Wednesday, January 26, 2011
Revenge Served a la Carte: The Mechanic Trailer
This efficient remake of the 1972 Charles Bronson thriller exhibits few of the virtues and most of the vices associated with taking an existing formula and tweaking it to suit one's own ends. In this case, seeing the relative success of the Nicholas Cage-Jay Baruchel vehicle The Scorcerer's Apprentice, the producers have reached down deep into the old Hollywood "parts bin", pulled out this ageing kit, re-tooled if or modern times and let it loose.
Of course, this is not the politically correct master-apprentice formula, so the master (Jason Statham) and even moreso the apprentice (Ben Foster, from 3:10 to Yuma) smoke and drink copiously, rut like beasts with all-too-willing women, and, of course kill people. Make that guys - from a Colombian drug lord to a slimy fake preacher addicted to prescription drugs (in this particular scene, the producers apply their take on the Michael Jackson death).
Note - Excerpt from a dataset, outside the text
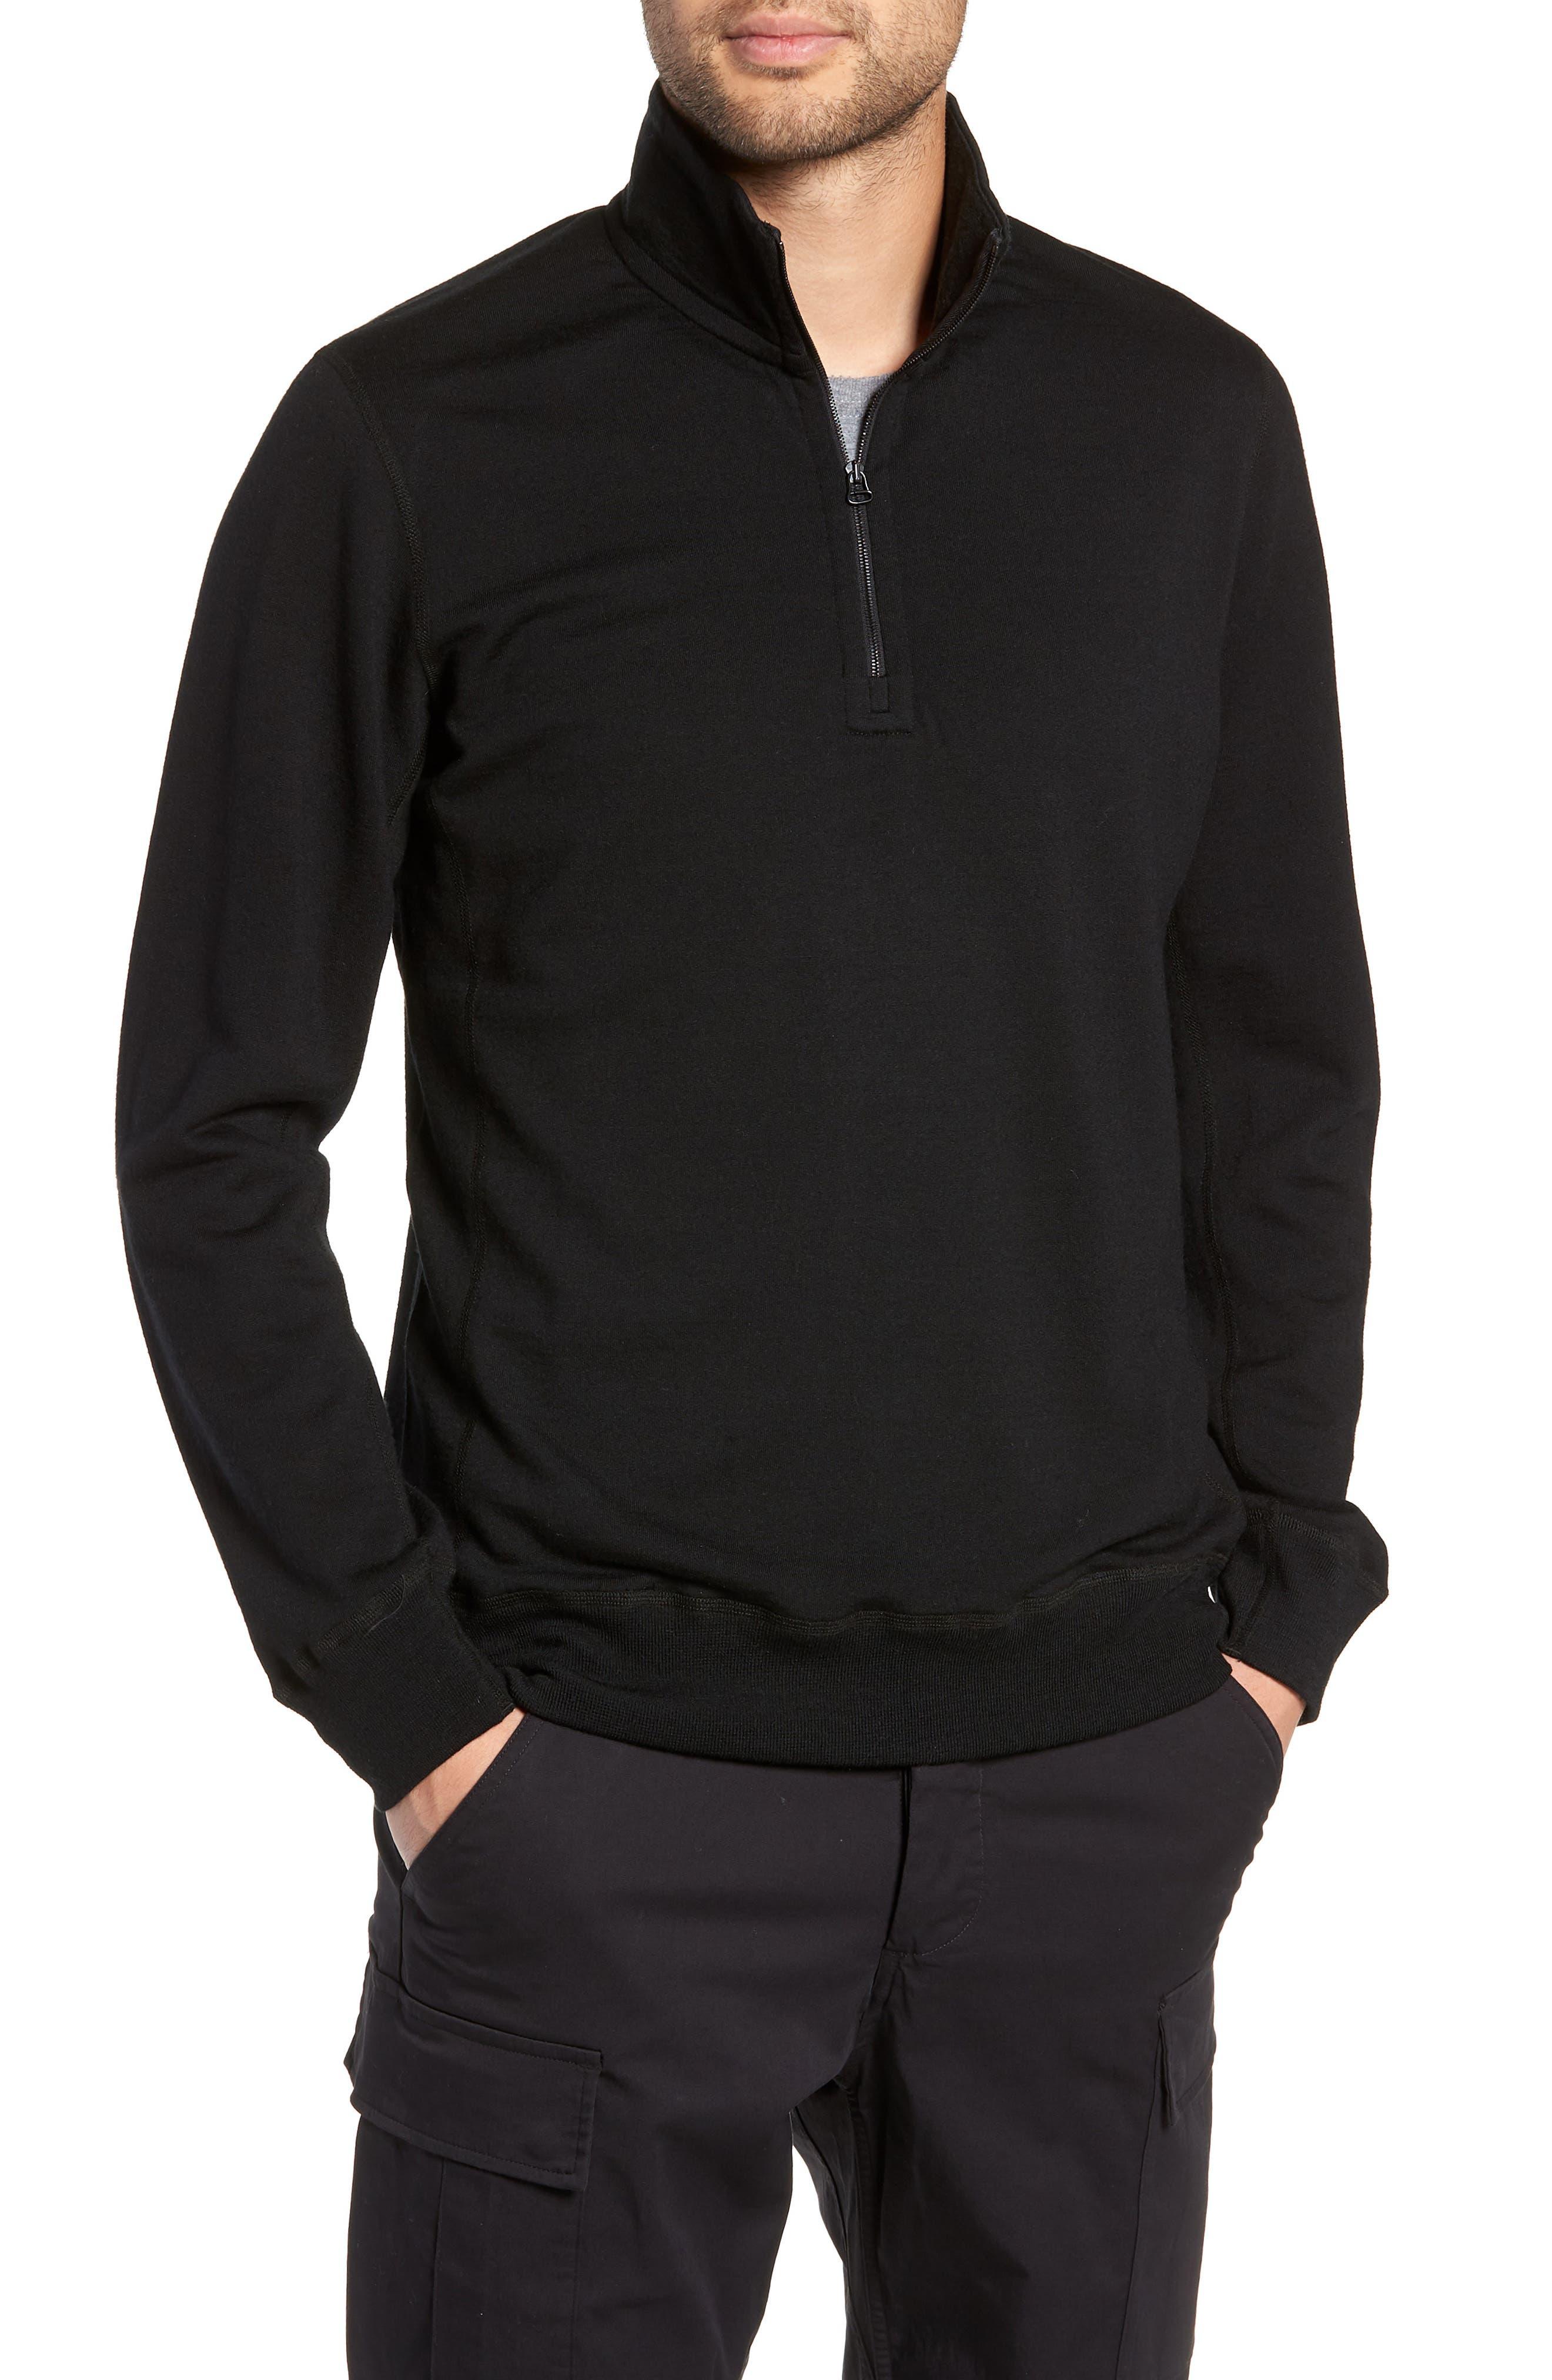 Swedish Merino Wool Trail Shirt,                         Main,                         color, BLACK

As the contract killer ("mechanic") of the title, Statham has Bronson's legendary stoicism down pat, but he still hasn't learned how to let people care about his characters, whichever side of the moral fence they're on. Foster, as the apprentice, is another matter. Giving us well shaded combos of grief, pathos, bottled rage, curiosity and even bloodlust, his performance very nearly saves the film, and certainly lifts it above the admittedly low bar of Statham's previous work (as much as we liked the action of The Transporter). Donald Sutherland tries also, but simply doesn't hang around long enough to really make an impact...at least not acting wise. As the bad guy, Tony Goldwyn, surprisingly pudgy and stuck either behind a phone or a desk for most of screen time, is a shadow of his former self.
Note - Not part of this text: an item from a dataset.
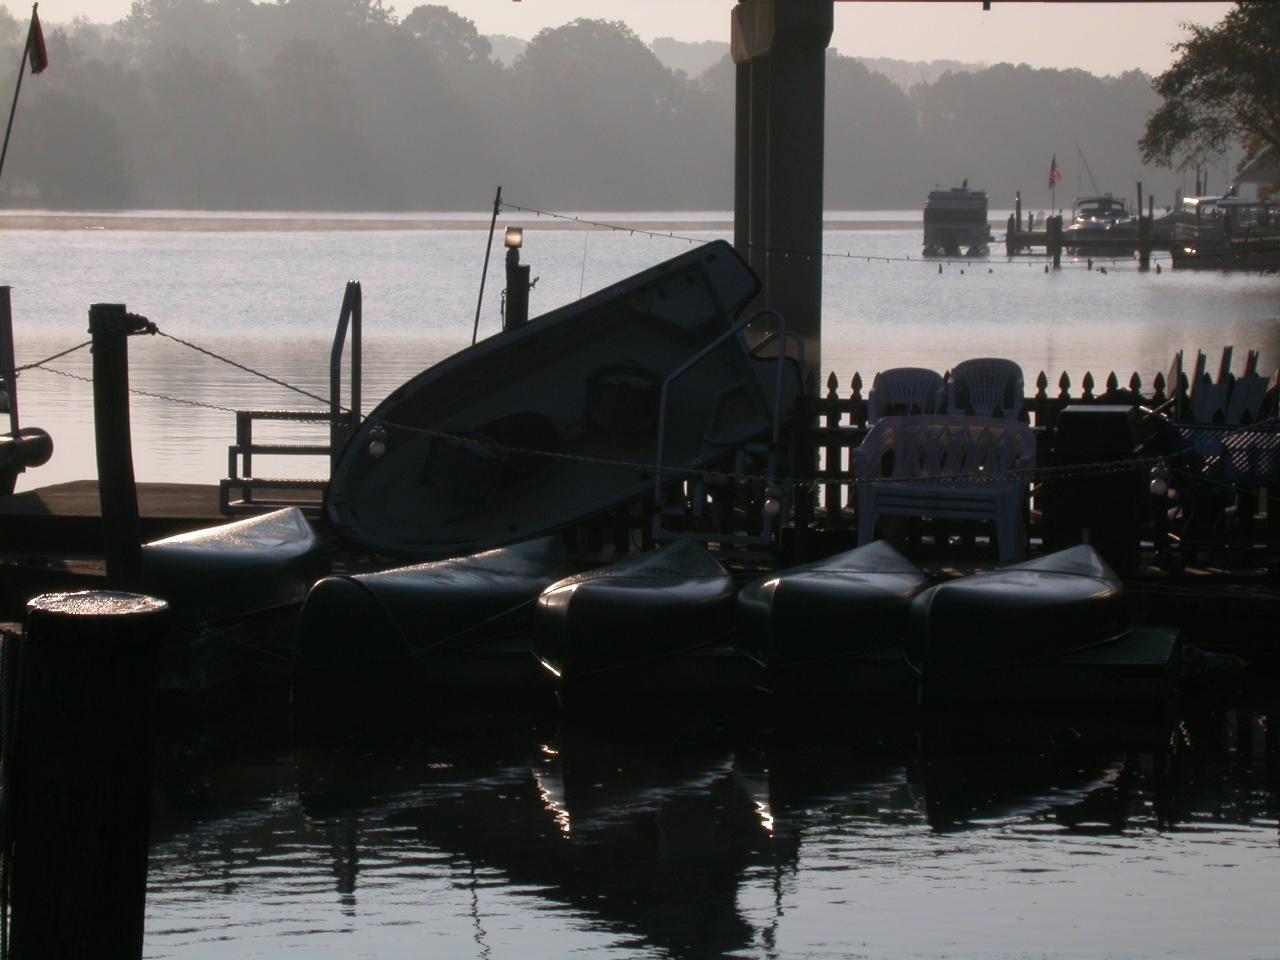 Boats on land, Boats, Green, Sail, Sea, HQ Photo

Still, there's something to be said for this remake. It has some points to make, a "destination" if you will: obligation, friendship, loyalty and of course, revenge. But it's the method that one questions: the original "Mechanic" could never be mistaken for PG fare, but in this version, everything is ratcheted up: the violence, the sex, the action; there's car wrecks, a winning shootout sequence both inside and outside a high-rise, the almost obligatory gay reference and there's a decent, if erratic soundtrack.
So there you have it - The Mechanic done for the insta-media Generation. Just don't touch that record player.